Please refer to https://developer.apple.com/metal/tensorflow-plugin/ for the latest installation instructions.
For installation on MacOS with conda use miniforge instead of Anaconda
If you encounter the following error:
ERROR: Could not find a version that satisfies the requirement tensorflow-macos (from versions: none)
ERROR: No matching distribution found for tensorflow-macos
you can try running the following to install tensorflow-macos
SYSTEM_VERSION_COMPAT=0 pip install tensorflow-macos tensorflow-metal
Run the following to install Gymnasium (fork of OpenAI Gym). https://github.com/Farama-Foundation/Gymnasium.git
pip install -U gymnasium
pip install -U "gymnasium[atari]"
pip install -U "gymnasium[all]"
pip install -U "autorom[accept-rom-license]"

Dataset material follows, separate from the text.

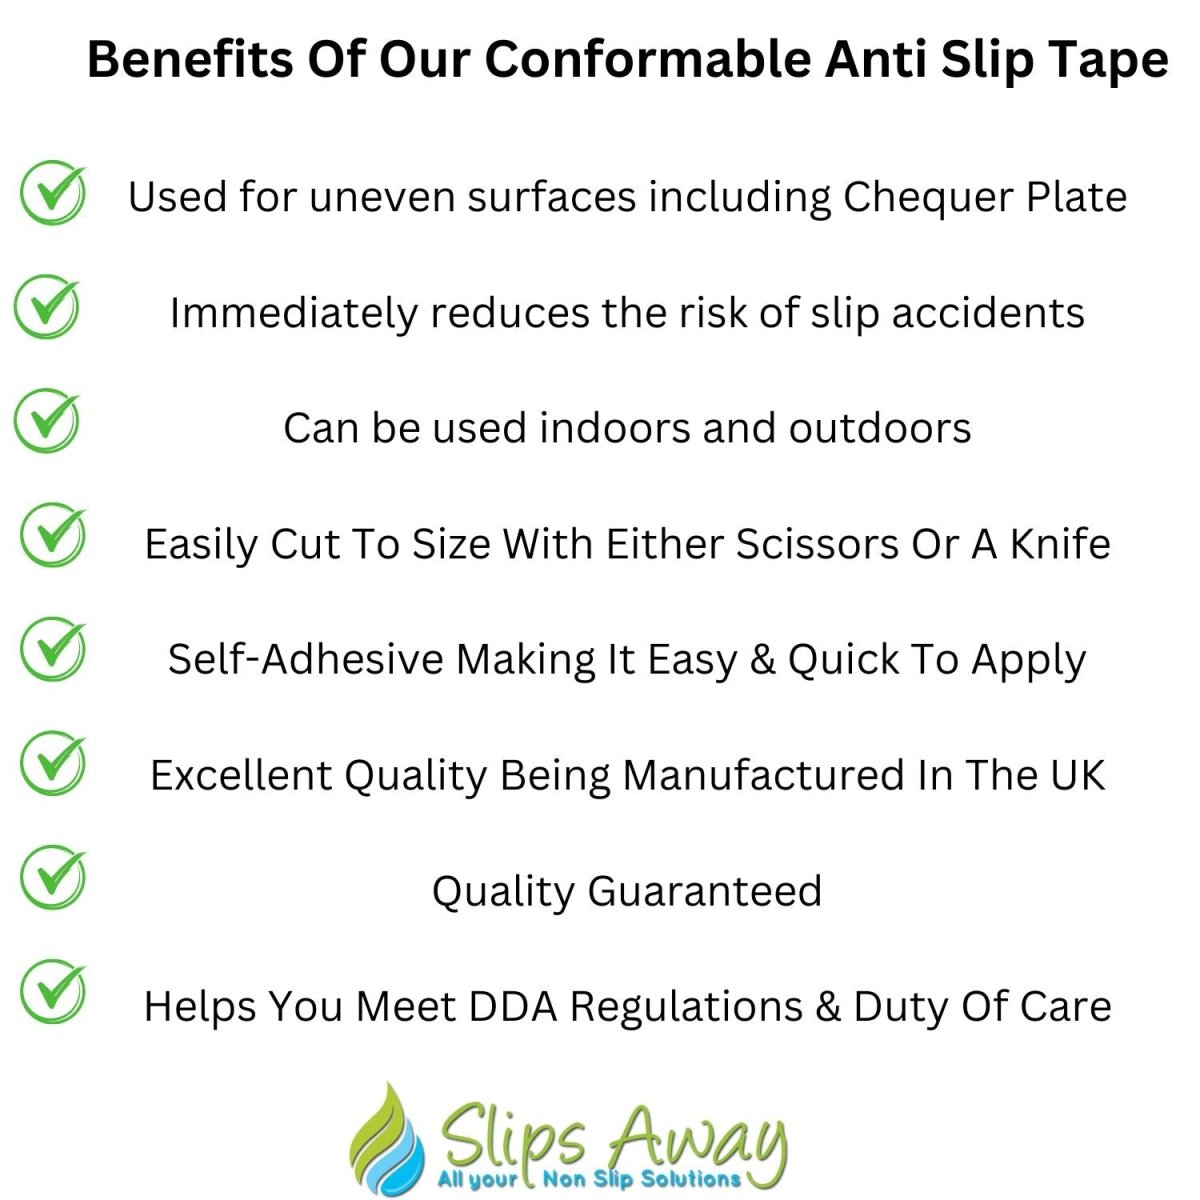 Conformable Traction Grade Anti Slip Tape Rolls - Slips Away - Conformable Anti-Slip Tape - H3406N-Conformable-Safety-Grip-Black-25mm-1-1 -
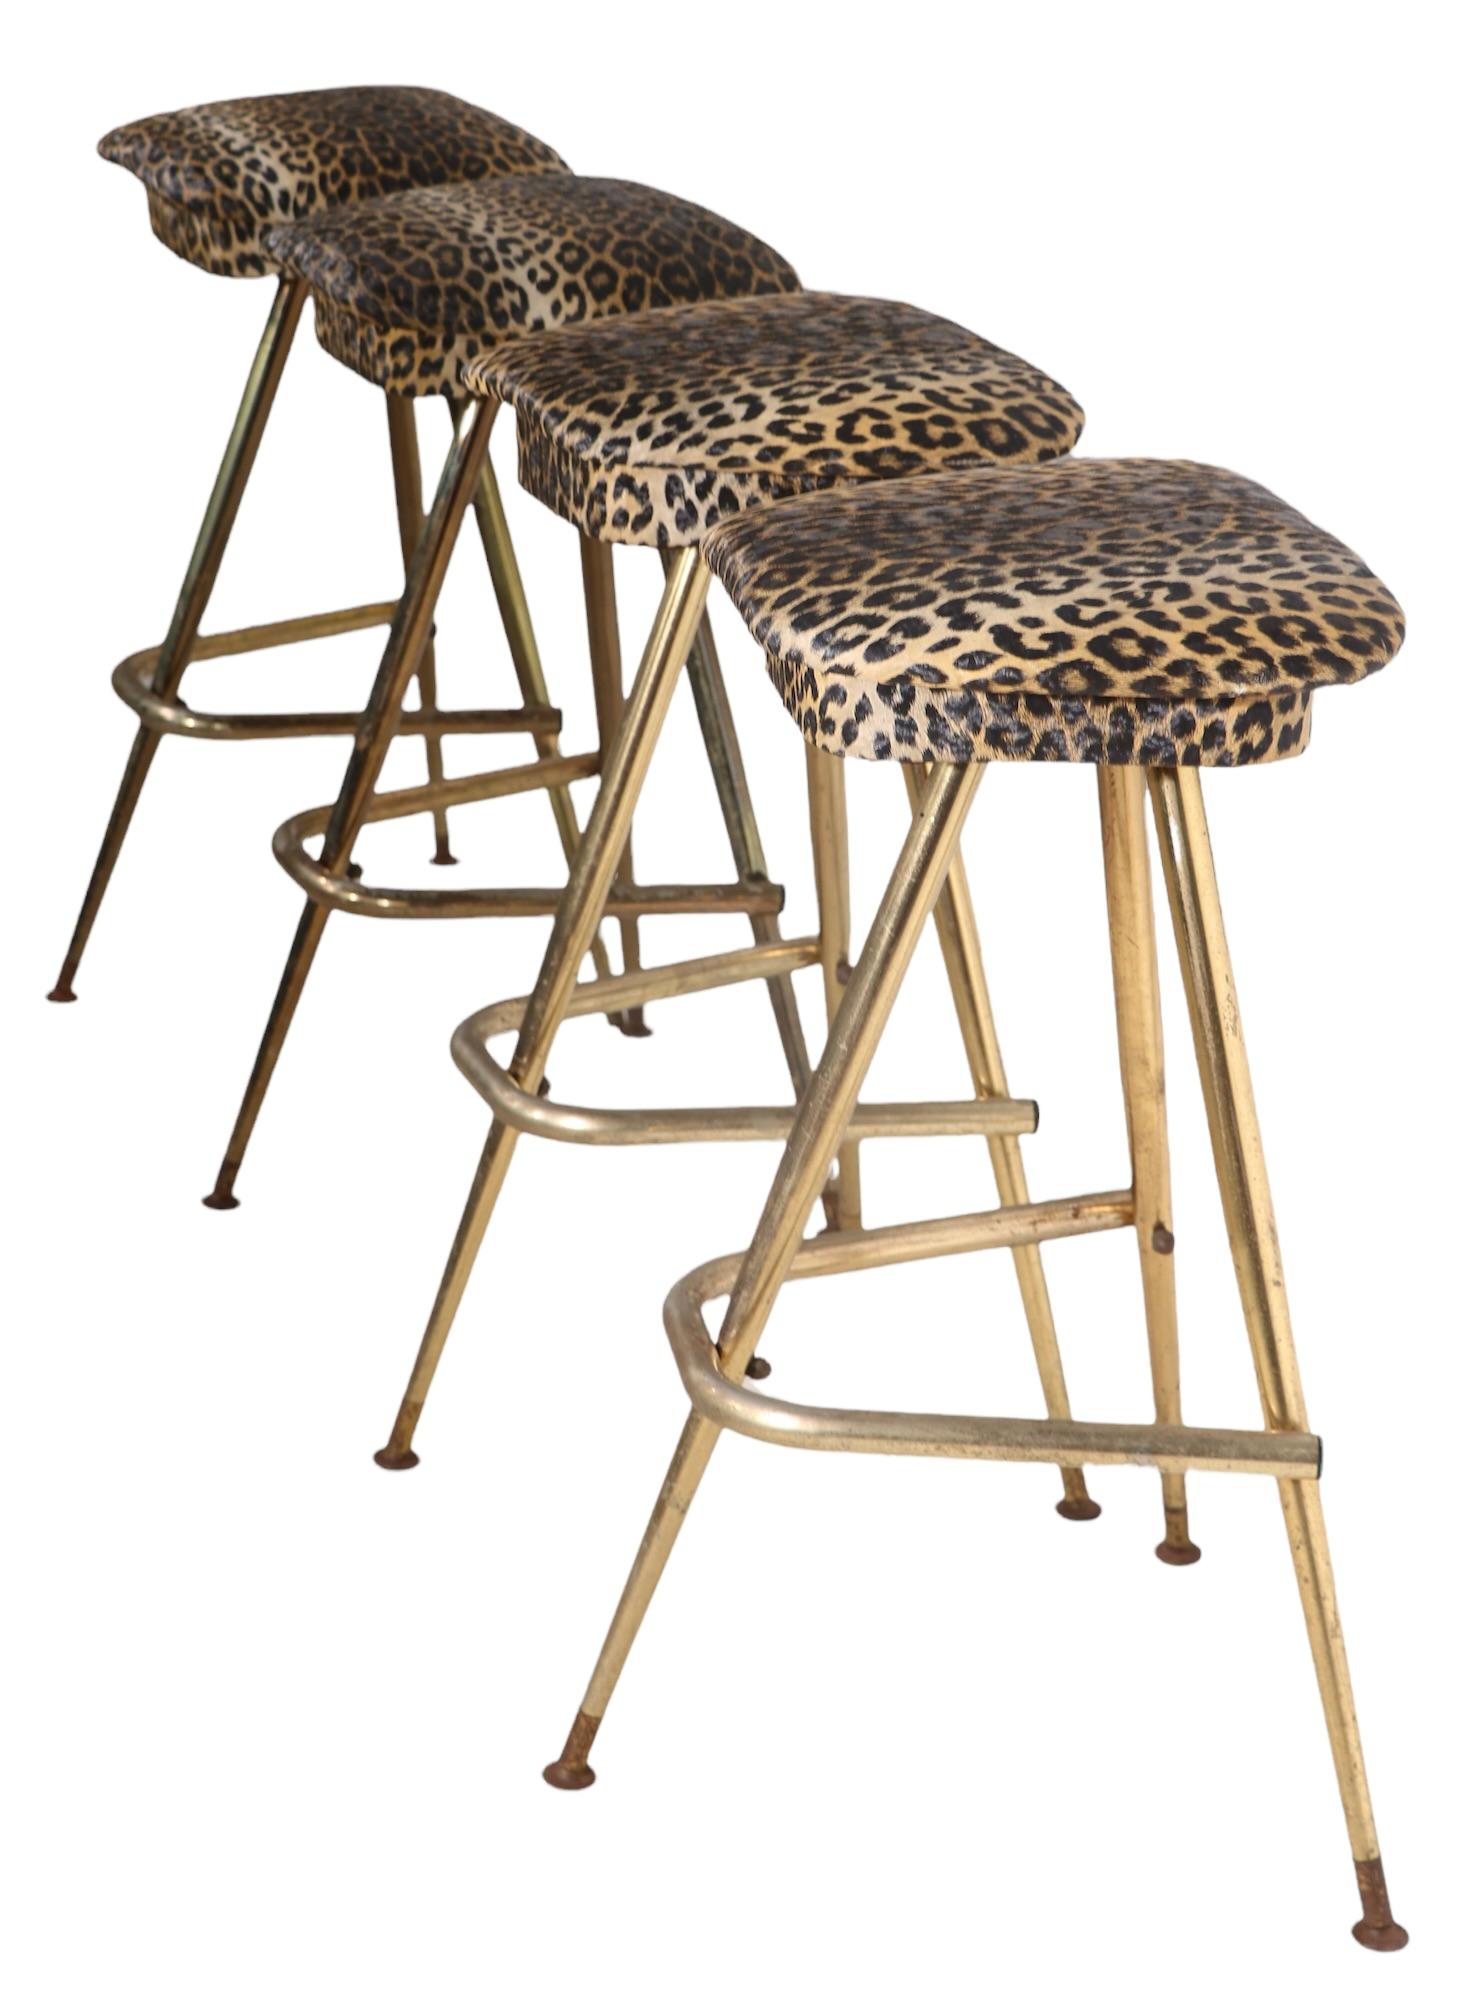 Counter Dry Bar with Matching Stools in Cheetah Vinyl ca 1950/1960's Made in USA 5

keras-rl2 implements deep reinforcement learning algorithms in Python and seamlessly integrates with the deep learning library Keras. Installation of keras-rl2 is optional. For the original repo please refer to https://github.com/taylormcnally/keras-rl2.git
If you do want to use keras-rkl2, please download the fork from my repo as I have made some changes to the original code to support gym 0.26.0
git clone https://github.com/ianlokh/keras-rl2.git
cd keras-rl
python setup.py install
To train the agent, run the command
python othello_train.py -m memory_profiler
Note that "-m memory_profiler" is optional and you can edit the code files to enable memory profiling
To play the game, run the command
python othello_main.py
othello_env.py
This is the environment file for the Othello game. This is subclassed from gym and overrides key functions such as:
def render(self):
...
def reset(self):
...
def step(self):
...
You can refer to https://www.gymlibrary.dev/content/environment_creation/ for information on how to structure your environment class.
othello_agent.py
This is where we define the TensorFlow model and implementation of RL algorithms like DQN, greedy epsilon, replay buffer.
othello_train.py
This is where the traing of the RL agent happens. There are many other training techniques but in this implementation, the agent is being trained against a player using random selection policy.